Article 9: The issuer shall have continuously operated for three or more years after the establishment of the company limited by shares, unless otherwise approved by the State Council.

If a limited liability company is converted into a company limited by shares by converting the entire original net asset value on the book into shares, the period of its continuous operation may commence from the date of establishment of the limited liability company.

Article 10: The registered capital of the issuer shall have been fully paid, the procedures for transfer of property rights of the assets used for capital contribution by the promoter or the shareholders shall have been completed, and there shall not be any major ownership dispute over the main assets of the issuer. 

Article 11: The production and operation of the issuer shall be in conformity with the provisions of laws and administrative regulations and the company"s articles of association and in line with the industrial policy of the State.

Article 12: In the last three years, there shall have been no major change in the major businesses, directors and senior management personnel of the issuer, and there shall have been no change in its de facto controlling person.

Article 13: The equity interests in the issuer shall be clear, and there shall be no major ownership dispute over the shares in the issuer held by the controlling shareholder and by the shareholders that are controlled by the controlling shareholder or de facto controlling person.

Section Two: Independence

Article 14: The issuer shall have a complete business system and the capability of operating independently and directly in the market. 

Article 15: The assets of the issuer shall be integral. A production enterprise shall have the production system, auxiliary production systems and supporting facilities that are related to production and operation, legally possess the ownership of or use rights to the land, factory buildings, machineries and equipment, as well as trademarks, patents and non-patented technology that are related to the production and operation, and have independent raw material procurement and product sales systems. Non-production enterprises shall have the business system and relevant assets that are related to their operation.

Article 16: The personnel of the issuer shall be independent. The senior management personnel of the issuer, such as the general manager, deputy general manager, person in charge of finance and secretary to the board of directors, shall not hold any position other than the position of director or supervisor in the controlling shareholder, de facto controlling person or other enterprises controlled by them, nor shall they receive salaries from the controlling shareholder, de facto controlling person or other enterprises controlled by them. The financial personnel of the issuer may not concurrently hold positions in the controlling shareholder, de facto controlling person or other enterprises controlled by them.

Article 17: The finance of the issuer shall be independent. The issuer shall establish an independent financial accounting system, shall be able to make financial decisions independently, and shall have a compliant financial accounting system and a financial management system for its branches and/or subsidiaries.
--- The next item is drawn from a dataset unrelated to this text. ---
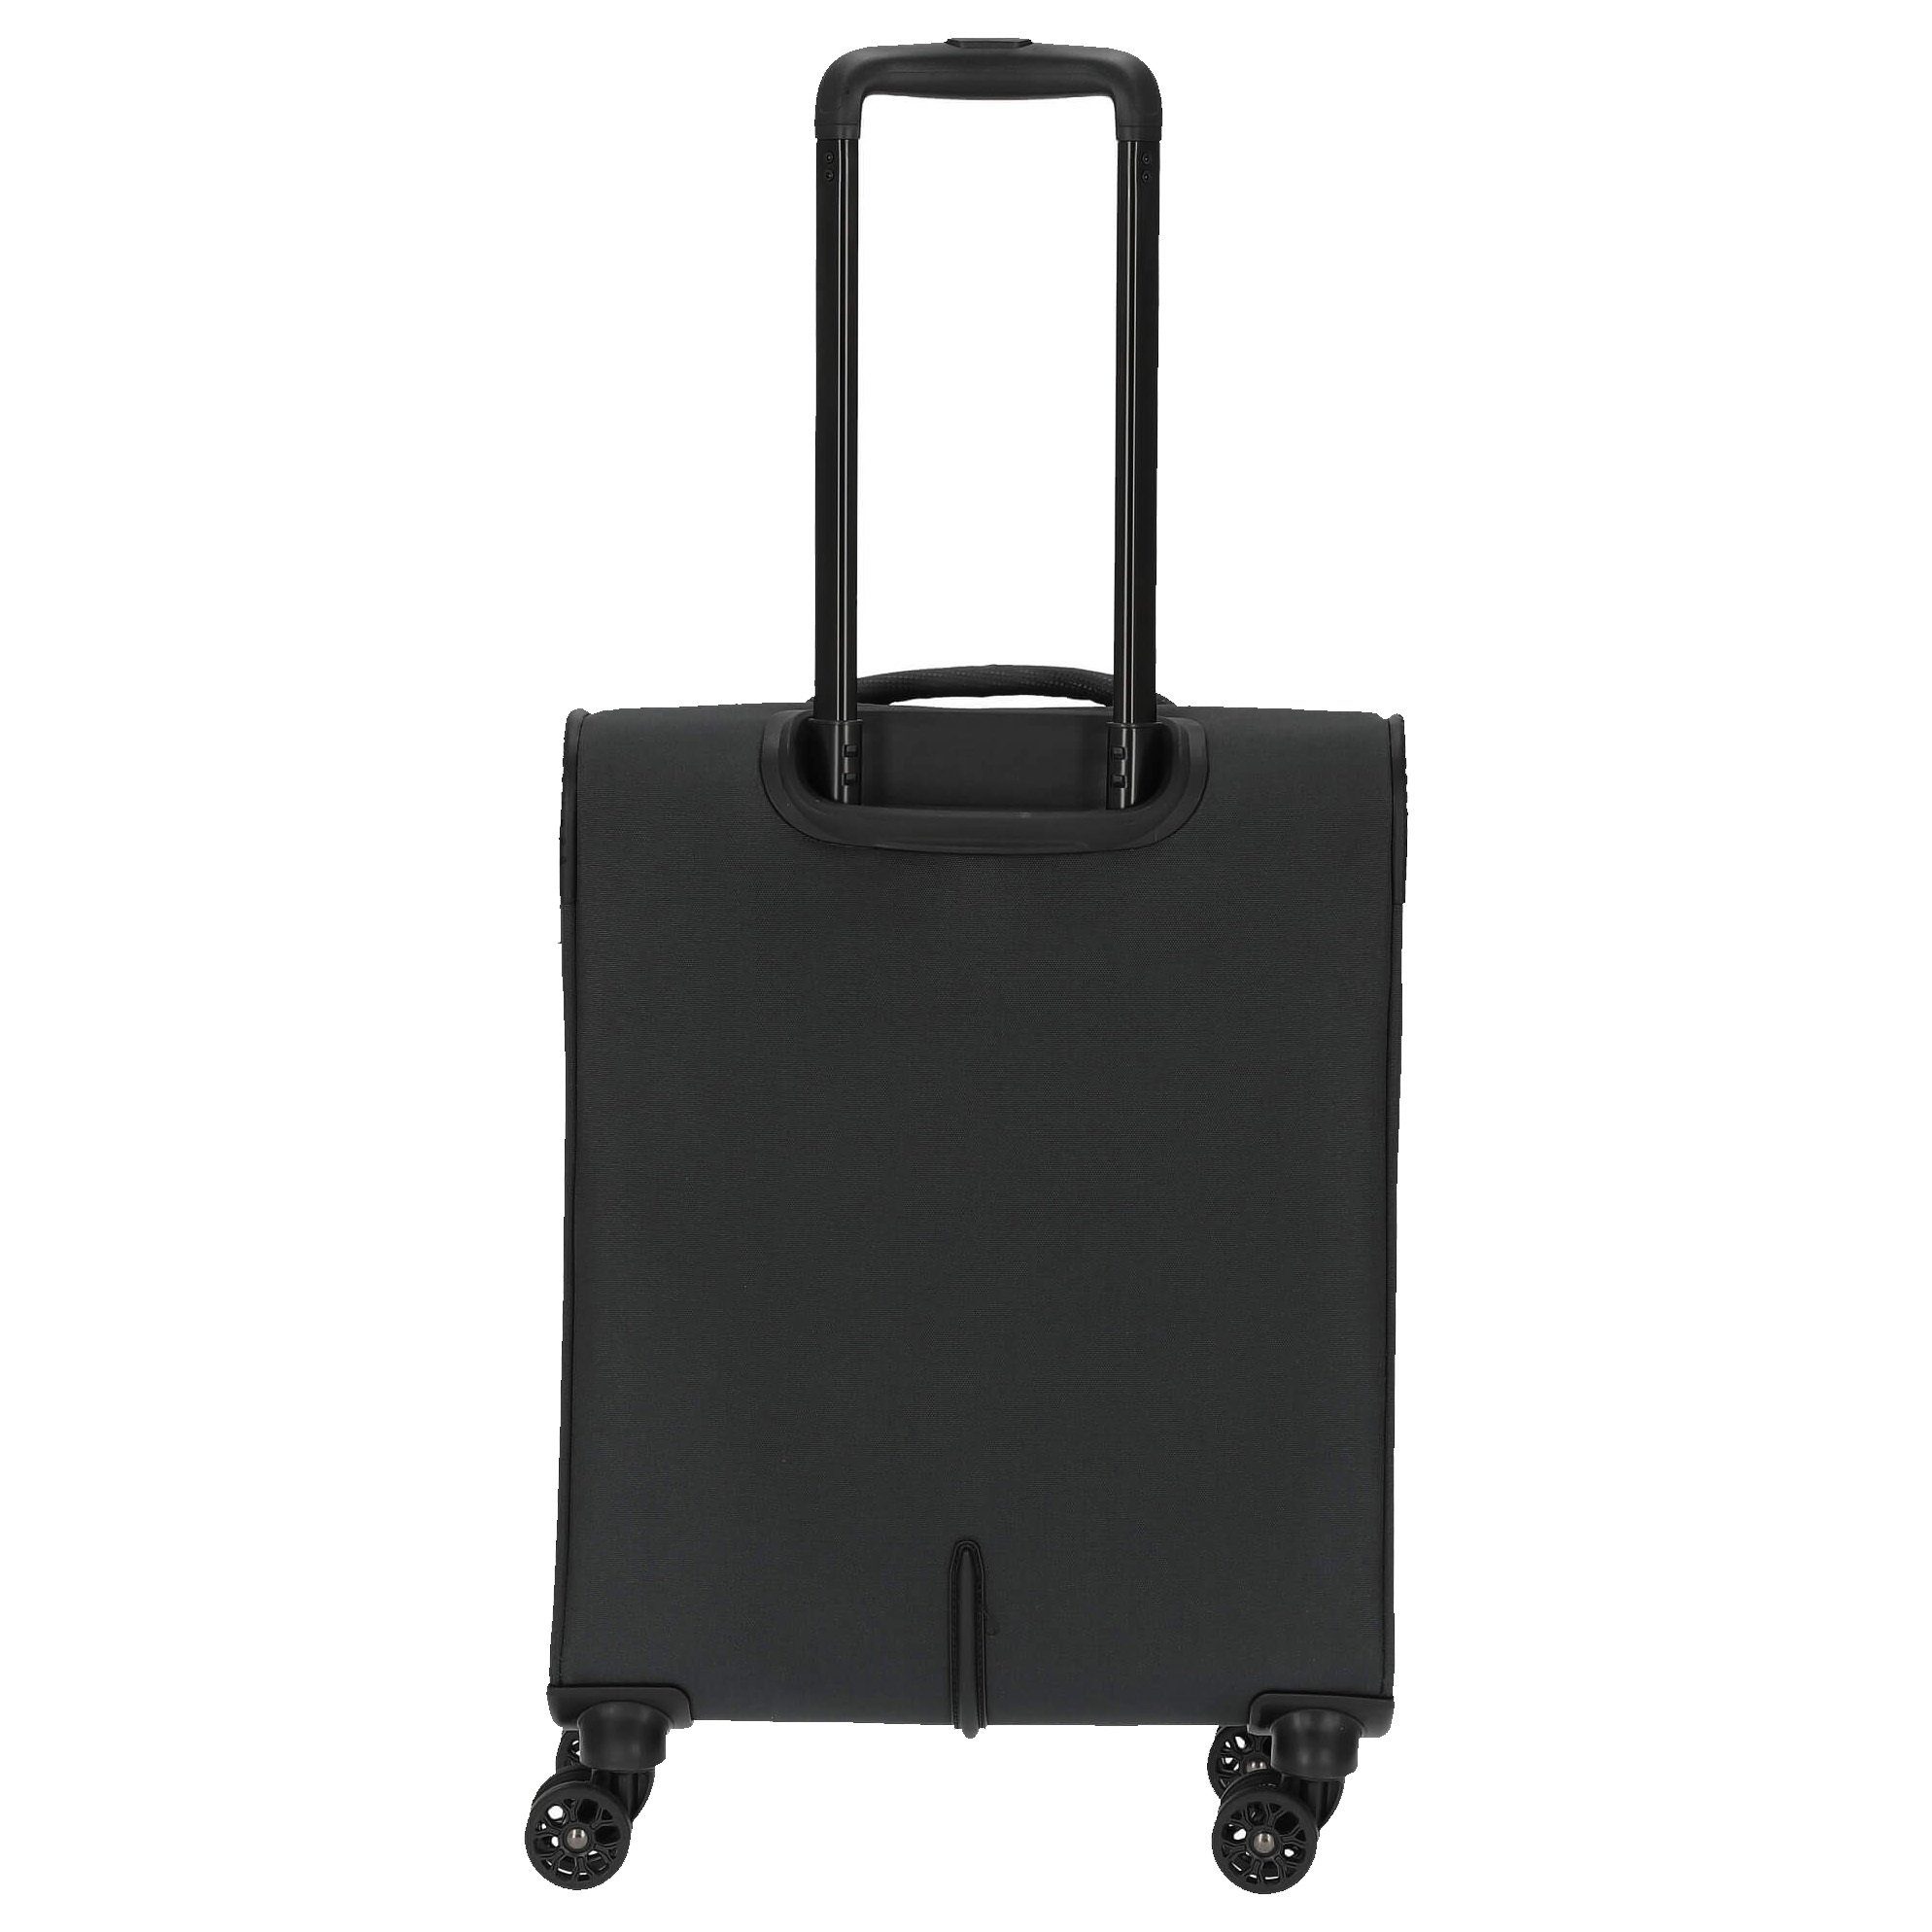 - anthracite Rollen 4 Trolley 4-Rollen-Trolley Strong 55 cm, Stratic S

The issuer shall not share a bank account with the controlling shareholder, de facto controlling person and other enterprises controlled by them.
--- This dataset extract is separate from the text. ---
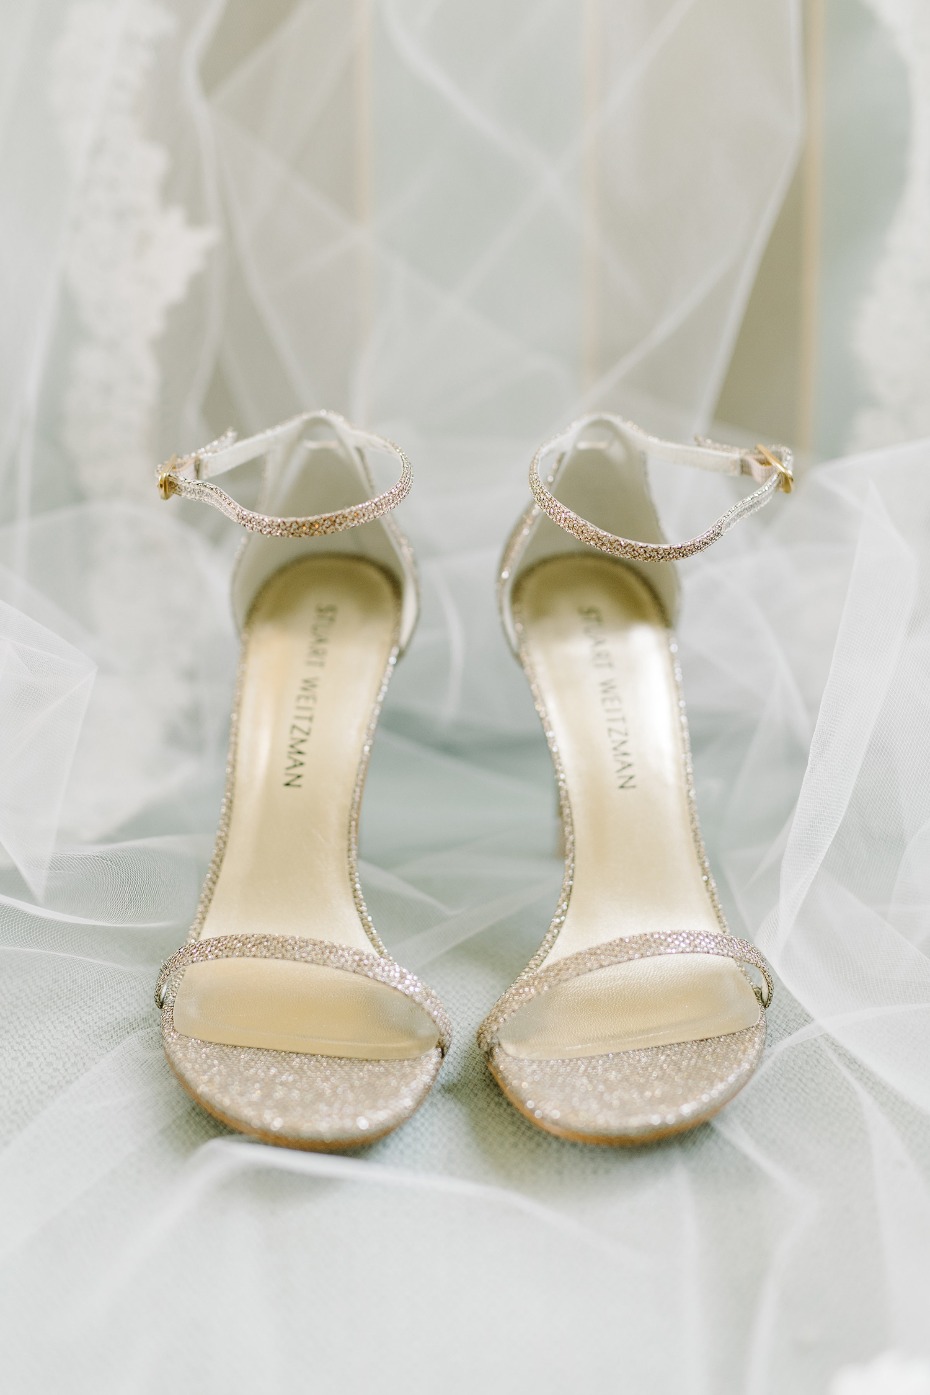 Sparkly gold heels for the bride

Article 18: The organizational structure of the issuer shall be independent. The issuer shall establish a sound internal operation and management organization to independently perform the functions of operation and management, and there shall not be a mixing of organizations between the issuer and the controlling shareholder, de facto controlling person and other enterprises controlled by them.

Article 19: The business of the issuer shall be independent. The business of the issuer shall be independent from the controlling shareholder, de facto controlling person and other enterprises controlled by them. There shall not be competition in the same industry, or any connected transaction that is not conducted on an arms" length basis between the issuer and the controlling shareholder, de facto controlling person and other enterprises controlled by them.

Article 20: There shall not be other serious defects in the issuer"s independence.

Section Three: Standardized Operation

Article 21: The issuer shall have established sound systems of shareholders" general meeting, board of directors, board of supervisors, independent directors and secretary to board of directors in accordance with the law, and the relevant organizations and personnel shall be capable of performing their duties in accordance with the law. 

Article 22: The directors, supervisors and senior management personnel of the issuer shall understand the laws and regulations relating to the issuance and listing of shares and shall be aware of the statutory obligations and liabilities of a listed company and its directors, supervisors and senior management personnel.

Article 23: The directors, supervisors and senior management personnel of the issuer shall meet the employment qualifications prescribed by laws, administrative regulations and rules and shall not be in any of the following circumstances: 
  1. having been subject to the measure of securities market entry denial imposed by the CSRC and the entry denial period has not expired;
  1. having been subject to administrative penalty by the CSRC within the most recent 36 months or to public reprimand by a stock exchange within the most recent 12 months; or
  1. having been subject to formal investigation by the judicial authority for suspected involvement in a crime or to formal investigation by the CSRC for suspected involvement in violation of laws or regulations, and there has been no clear conclusion yet.
Article 24: The internal control system of the issuer shall be sound and effectively implemented, and shall be able to reasonably ensure the reliability of financial reports, the lawfulness of production and operation and the efficiency and result of operation.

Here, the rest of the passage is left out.